Jena, 28 de Julho de 1902
Forsteweg 29
Prezado colega,
O Senhor escreveu que uma classe que consiste em mais de um objeto não é, em primeiro lugar, um objeto, mas muitos. Embora uma classe ordinária forme, na verdade, uma totalidade, certas classes não formam totalidades, mas são meras multiplicidades e surge disto uma contradição quando as consideramos como unidades. O Senhor não pretende proibir, em geral, “ϕ(ε’ϕ(ε))”, mas apenas quando “ε’ϕ(ε)” não denota um objeto real. Penso que o Senhor já deve proibir “ε’ϕ(ε)”. Um nome de classe que não é não-referencial [bedeutungslos], na minha opinião, denota um objeto. Quando afirmamos algo de uma multiplicidade ou de um conjunto, tratamo-los como objetos. Um nome de classe pode aparecer como o sujeito de uma proposição singular e, portanto, tem o caráter de um nome próprio, por exemplo, “a classe dos números primos compreende infinitos objetos”. Podemos muito bem distinguir os seguintes casos:
1. “Sócrates e Platão são filósofos”. Temos aqui dois pensamentos: Sócrates é um filósofo e Platão é um filósofo. Estes dois pensamentos são reduzidos em uma proposição apenas por comodidade linguística. Logicamente, Sócrates e Platão não tem de ser concebido como o sujeito do qual filósofo tem de ser predicado.

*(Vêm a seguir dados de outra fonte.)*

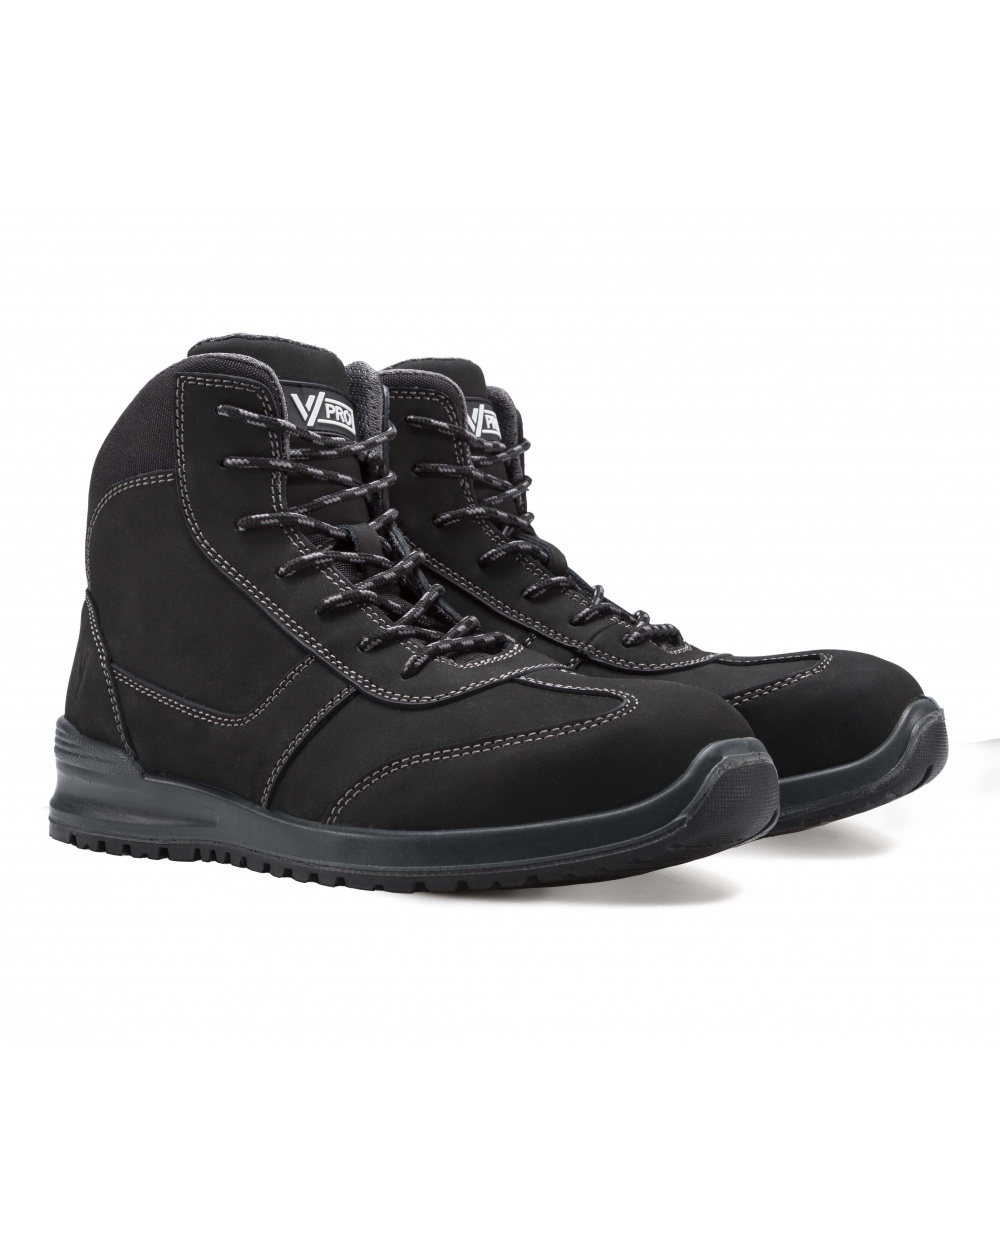 Comprar Zapato de seguridad metal free serie 707005 online barato

2. “Bunsen e Kirchhoff estabeleceram a análise espectral”. Devemos considerar aqui Bunsen e Kirchhoff como uma totalidade. “Os romanos conquistaram os gauleses” tem de ser concebida da mesma maneira. Aqui, os romanos são o povo romano, unido pelos costumes, pela educação e pelas leis. Neste sentido, um exército é uma totalidade, um sistema. Consideramos todo corpo físico como uma totalidade, um sistema que consiste de partes.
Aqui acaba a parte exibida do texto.